There were many ways, of course, that Biden could have made his point that the comedian’s joke was beyond the pale. The fact he used the occasion to smear not just Hinchcliffe or Trump, but all of Trump’s supporters, indicates Democrat party elites still look upon their political opposition with undisguised, dehumanizing contempt. As Trump himself has observed: “they’re not after me, they’re after you, and I just happen to be standing in the way.”
Biden’s choice of words of course begs the question: Isn’t calling roughly half the adult population in the U.S. “garbage” also unconscionable and un-American?
By the standards of Biden and Harris’s Democrat party, apparently not. As one Harris campaign staffer opined to CNN about Biden’s remark: “We won’t lose a single voter because of it.”
CNN “senior political analyst” Mark Preston went even further in his analysis of Biden’s “garbage” comment. “You know, I’m of the mindset that if you say it, you might as well just embrace it,” he stated, and then went on to suggest that Democrats, if anything, have not been “strong enough” in their condemnation of “all those racist supporters of Donald Trump”. Preston encouraged Biden, rather than to back off or contextualize the comments, to say, “Yeah, I do think that they’re terrible.” Acknowledging that Biden meant exactly what he said, Preston concluded: “I think that when Joe Biden backs off of saying what he really believes, I don’t think that’s a good look.”
Nevertheless, the furor over the comments has forced both Biden and Harris into a defensive mode.
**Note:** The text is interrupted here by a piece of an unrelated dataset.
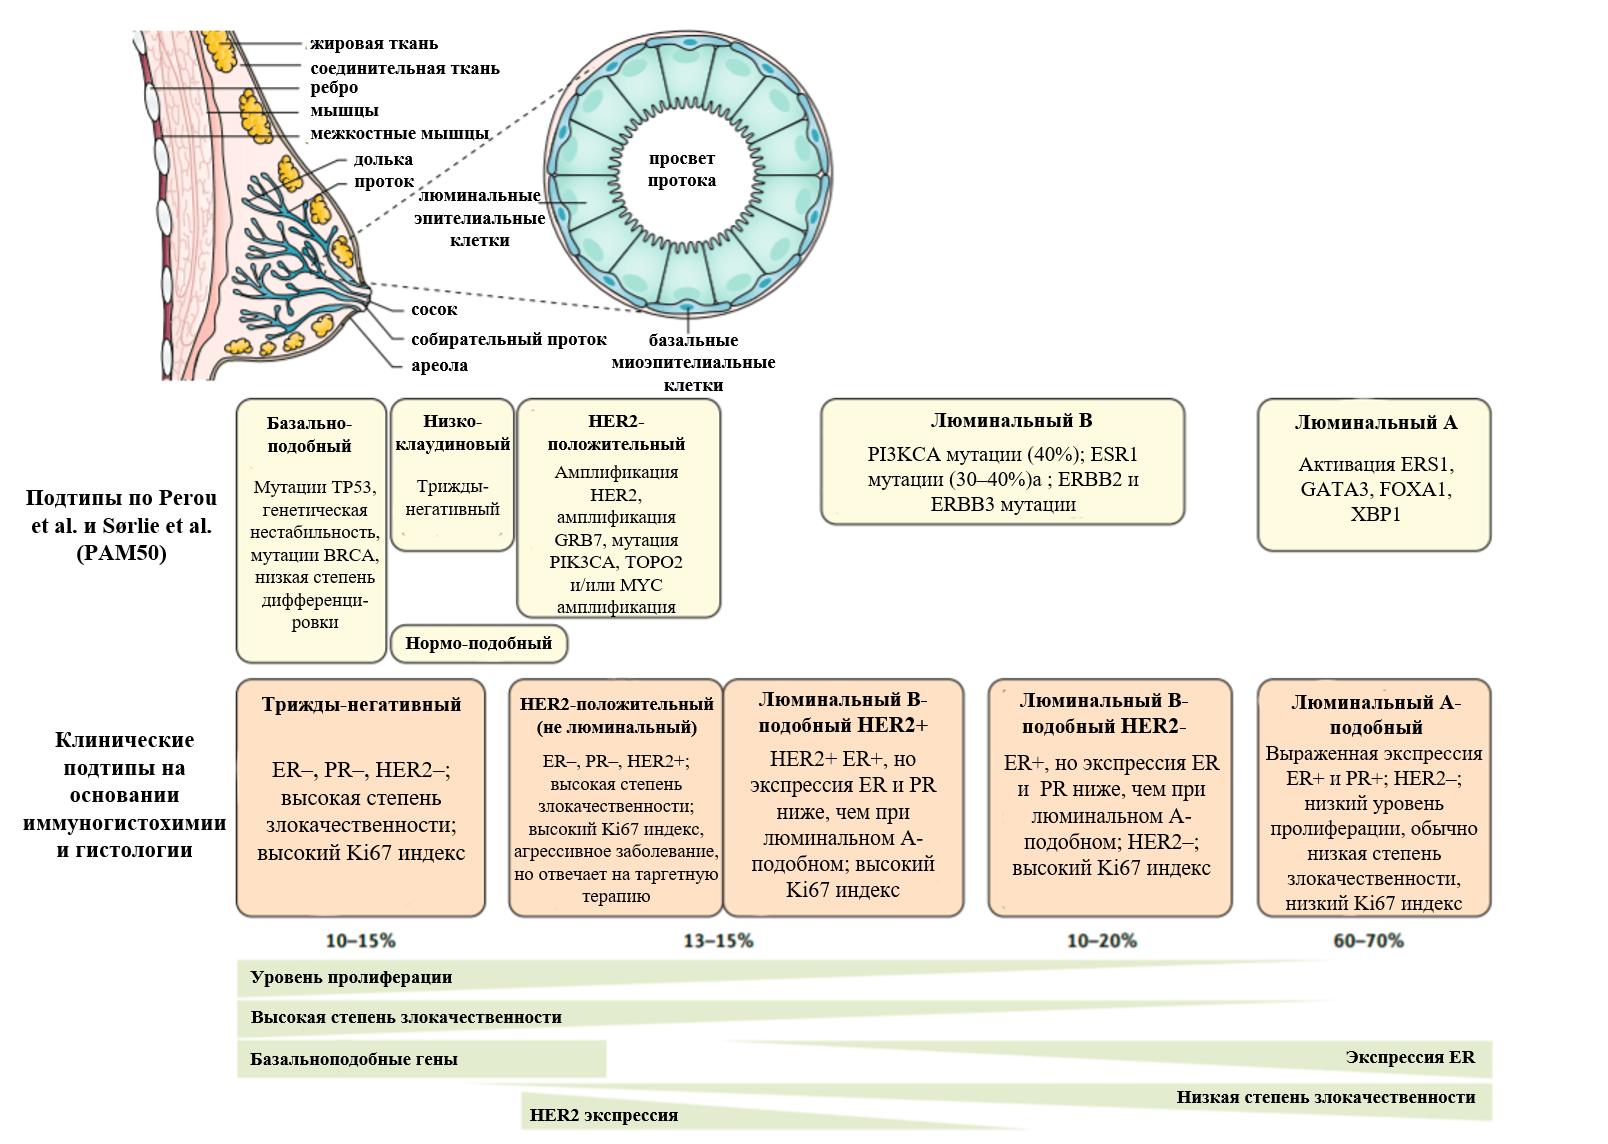 Классификация рака молочной железы

Biden, for his part, predictably has said he was misunderstood, although the video showing the full statement in context is readily available on multiple websites. Harris executed the typical D.C. two-step, which involves denying what was said was said, but then claiming even if it was said, she doesn’t agree with it. “Listen, I think that, first of all, he clarified his comments,” she told a reporter. “But, let me be clear, I strongly disagree with any criticism of people based on who they vote for.”
Yet Harris’s own recent statements on the campaign trail include calling Donald Trump a “fascist” and claiming he is “dangerous” and an admirer of Adolf Hitler. In the highest-profile speech of her campaign, she warned of “chaos and division” if Trump were to be elected and said of her opponent: “This is someone who is unstable, obsessed with revenge, consumed with grievance, and out for unchecked power.” Needless to say, Harris in the same address emphasized – as Biden did before her – her determination to “be a president for all Americans.”
That didn’t work out so well for Joe Biden. And it’s hard to imagine how a person who believes her political opponent takes his cues from Hitler would nevertheless respect the views and values of the opponent’s supporters, or, as she promised, to “give them a seat at the table.”
Trump, for his part, seized the opportunity to underscore the distinction between his “America first” vision and the vitriol his opponents have heaped upon ordinary, decent, hardworking Americans. Last Wednesday, he donned a yellow safety vest and boarded a garbage truck en route to a rally in Green Bay, WI. There, his response to Joe Biden and Kamala Harris was simple, poignant, and true: “you can’t lead America if you don’t love Americans.”